Senator SPICER (Victoria) .- The only serious aspect of this matter is the readiness with which the members of the Opposition would interfere with the liberties of the press. The Leader of the Opposition (Senator Collings) has propounded this motion upon the basis that certain statements contained in the newspapers referred to were not true, and, in those circumstances, I submit that the onus lies upon him to satisfy me and every other member of the Senate that what appeared in the newspapers was not true. Everything that we have heard in this chamber this morning would convince an unbiased observer that the three Labour senators representing Tasmania who are alleged to have supported the Labour candidate for the presidency did support him. Not a single member of the Opposition is prepared to stand up in his place and say that, he does not believe that those senators voted for the Labour Party nominee. It would be a simple matter for the three Labour members from Tasmania to place the matter beyond doubt.


Senator AYLETT (TASMANIA) - Ho w ?


Senator SPICER - By telling us that they did not vote as has been alleged.


Senator Aylett - We should then break the oath which we took here three years ago.

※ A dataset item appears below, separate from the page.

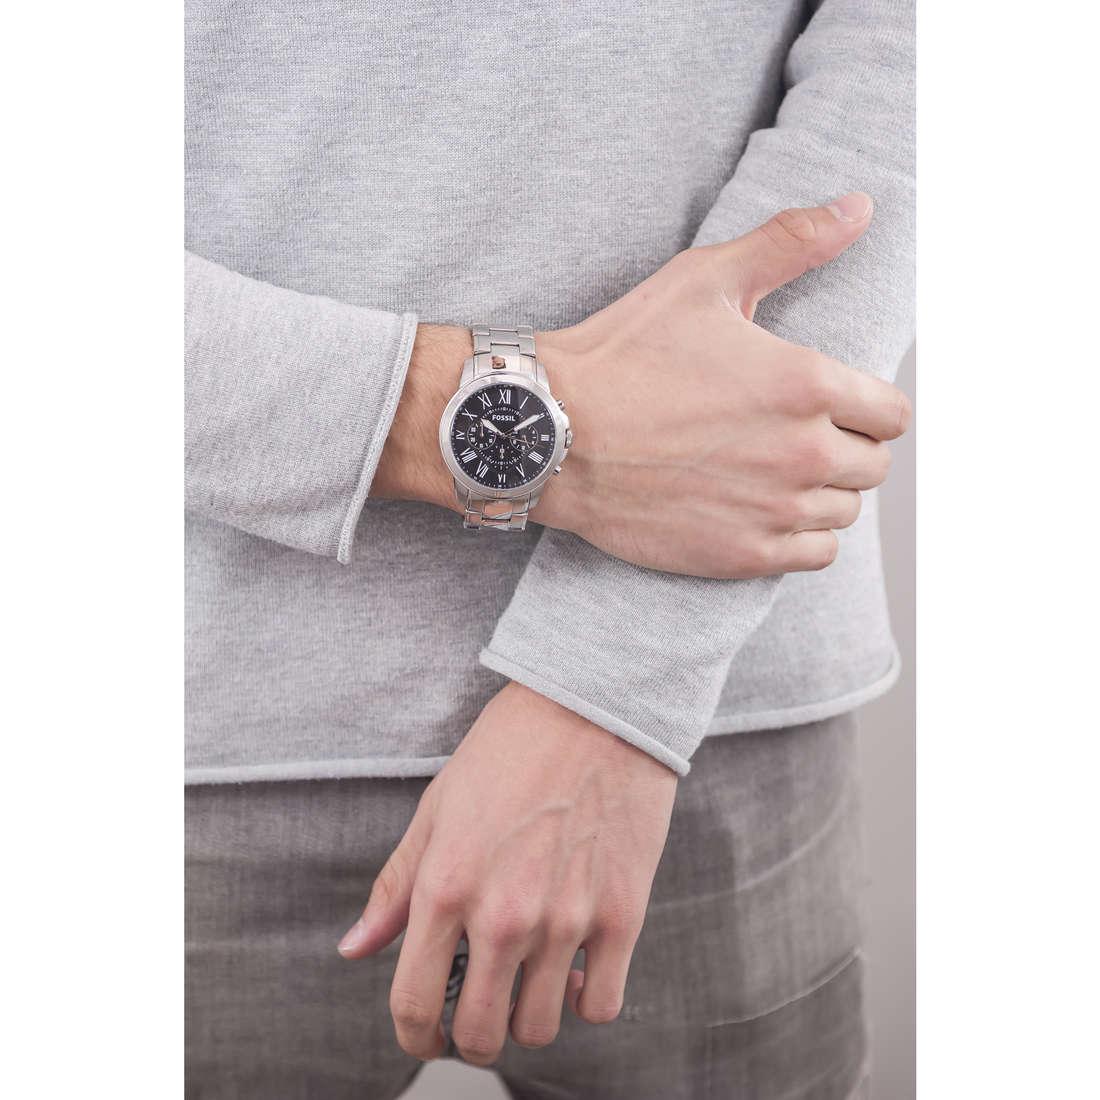 Fossil cronografi uomo FS4736 indosso

Senator SPICER - No breaking of their oath would be involved in such action. Two Tasmanian newspapers have been charged by the Leader of the Opposition with a serious offence, and, if I understand anything about the principles of British justice, the duty of the prosecutor is to prove his case.


Senator Keane -Which he did.


Senator SPICER - He did not. He produced a newspaper which contained a sta tement tha t, every member ofthis chamber believes to be true. The obligation lies on the Leader of the Opposition who, on this occasion, is taking on the task of prosecutor, to convince us that the statements in the newspapers are not true. So far he has done nothing to prove that they are untrue. Moreover, I challenge him to tell us that he believes that the statements are untrue. He is not prepared to do so, and yet we are asked to declare that these newspapers have been guilty of contempt.

There is another important aspect of this subject. In a democracy it is a serious matter to find that a responsible political party would be prepared, if it controlled the censorship, to prevent the publication of the truth. Indeed, the Opposition would go farther, for it would use the censorship to prevent reasonable political criticism by newspapers. This newspaper comment has got under the skin of the Opposition, and that is the real cause of its complaint. The Opposition objects to the electors of Tasmania being told how their representatives in this chamber acted. I am not prepared to support the motion, for I believe that the carrying of it would bring Parliament into contempt.